** Opening Dataset section block **
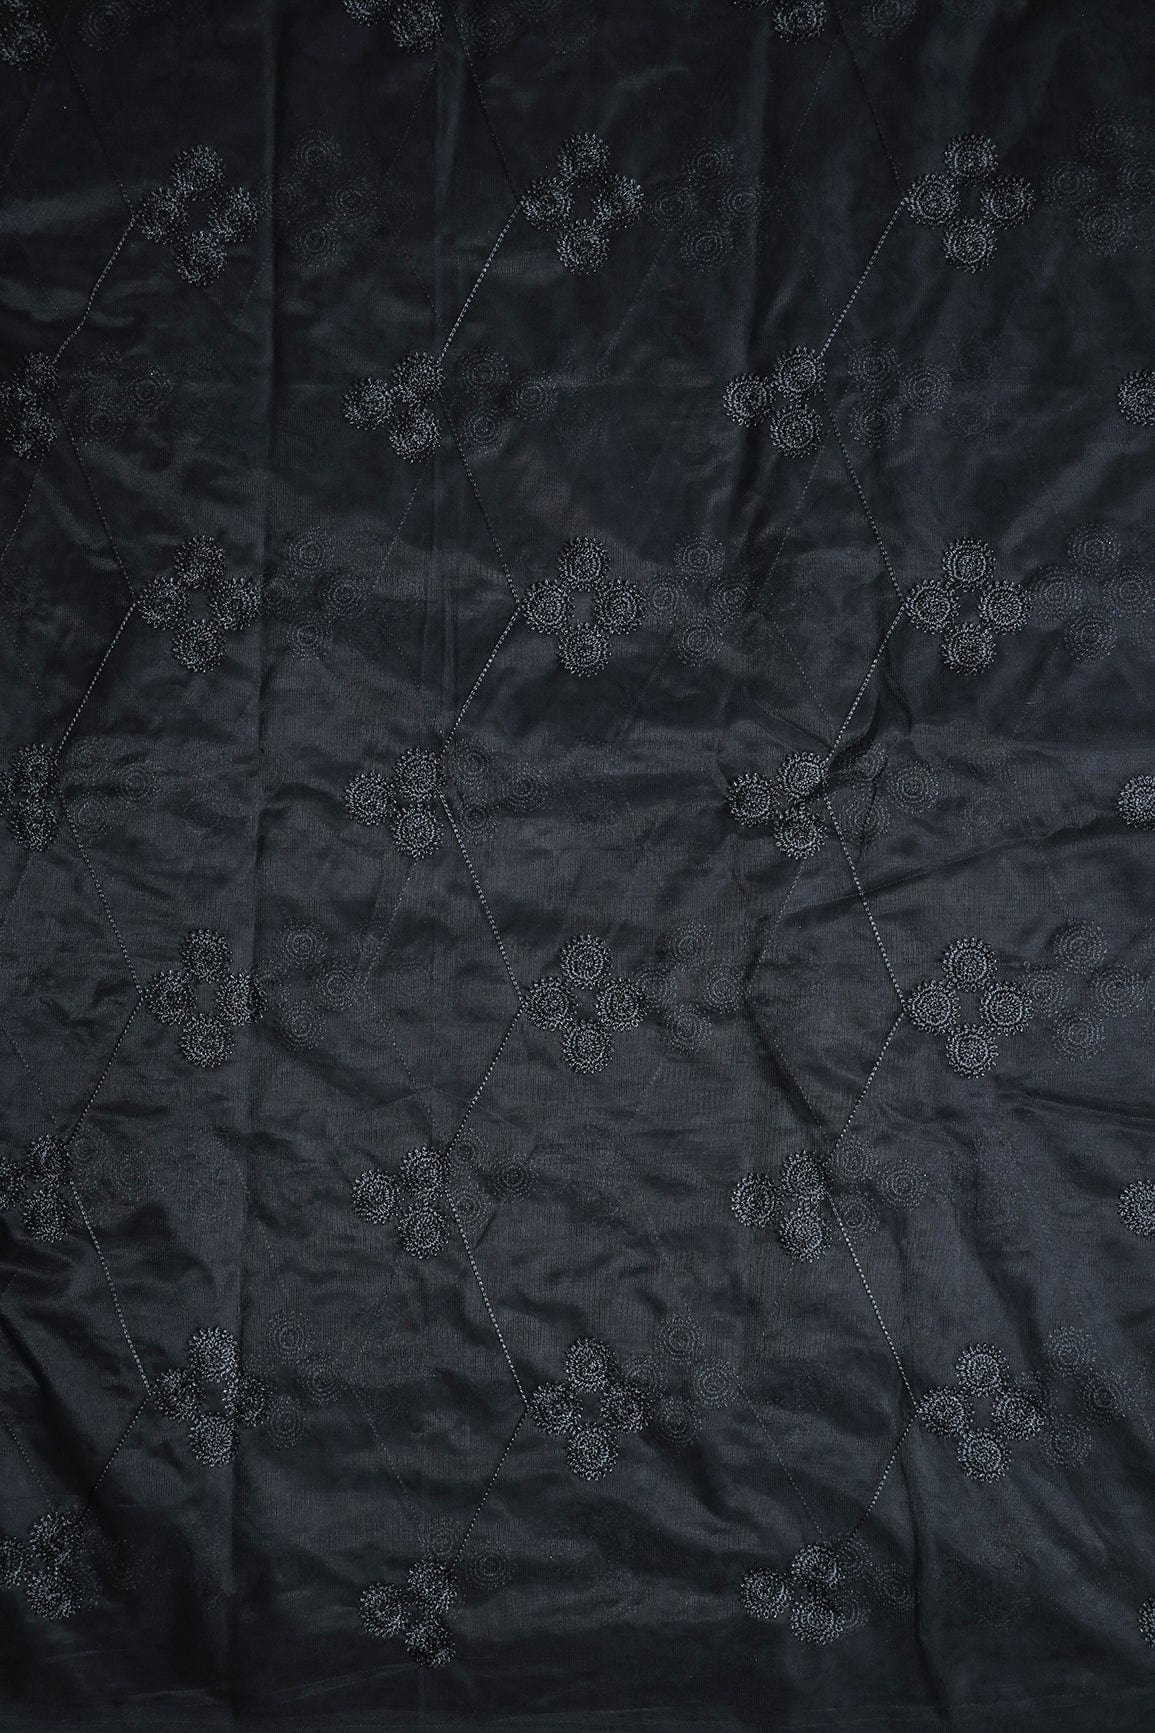 doeraa Embroidery Fabrics Black Color Thread Geometric Embroidery Work On Black Soft Net Fabric
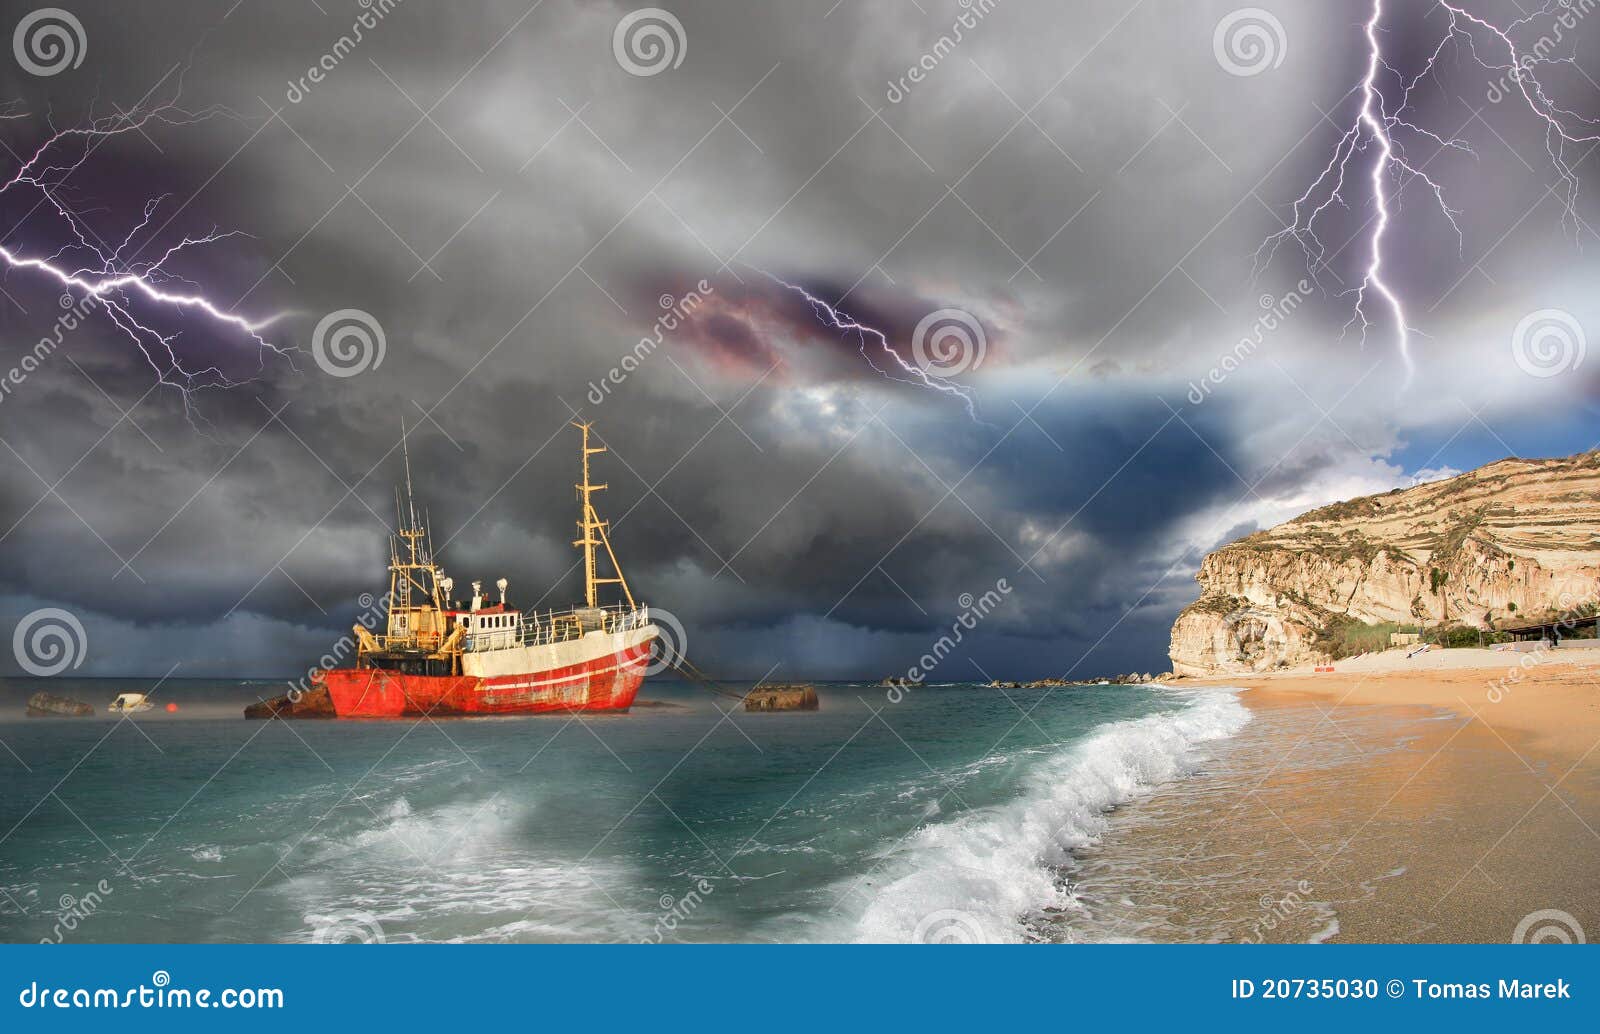 https://thumbs.dreamstime.com/z/fishing-boat-big-storm-20735030.jpg
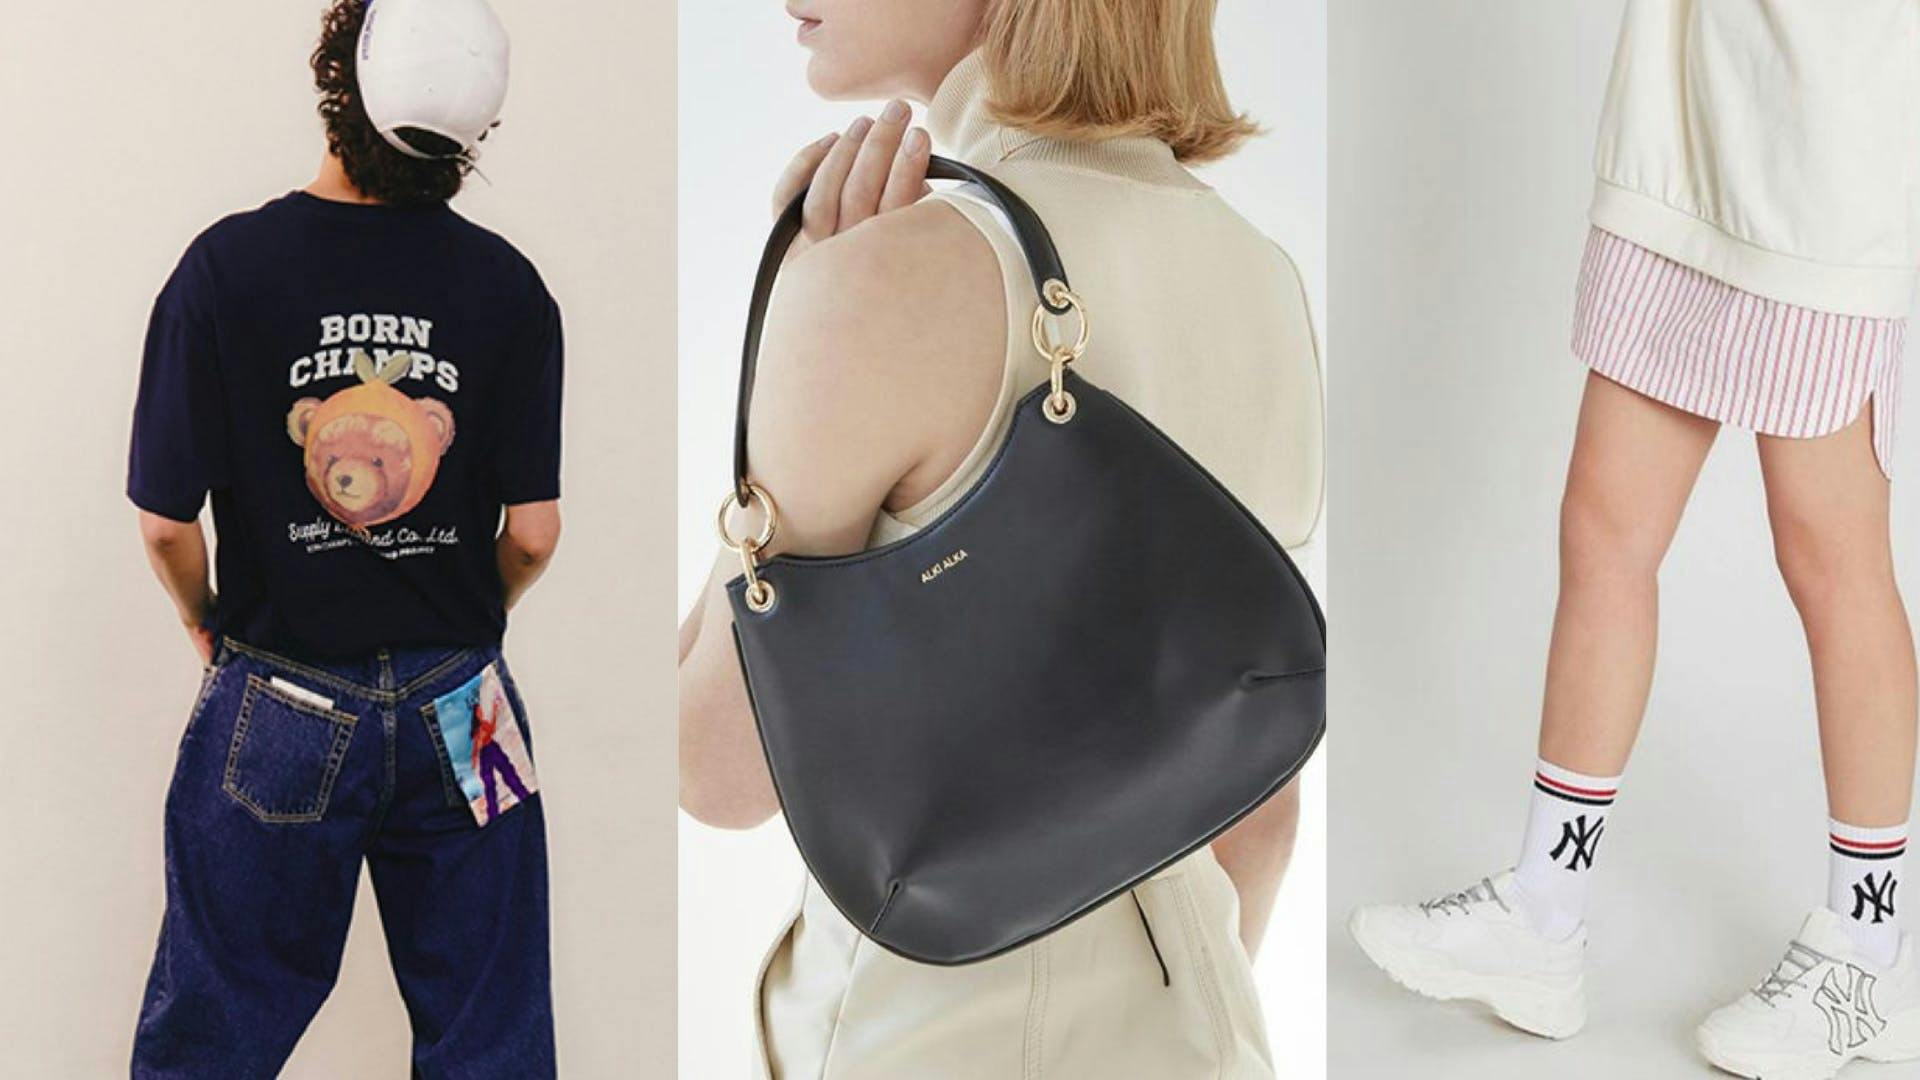 person human handbag accessories bag accessory helmet clothing apparel purse
** Closing Dataset section block **
# Problem:
Write out the material above without changing a word, and skip any picture.

# Response area:
 doeraa Embroidery Fabrics Black Color Thread Geometric Embroidery Work On Black Soft Net Fabric
 https://thumbs.dreamstime.com/z/fishing-boat-big-storm-20735030.jpg
 person human handbag accessories bag accessory helmet clothing apparel purse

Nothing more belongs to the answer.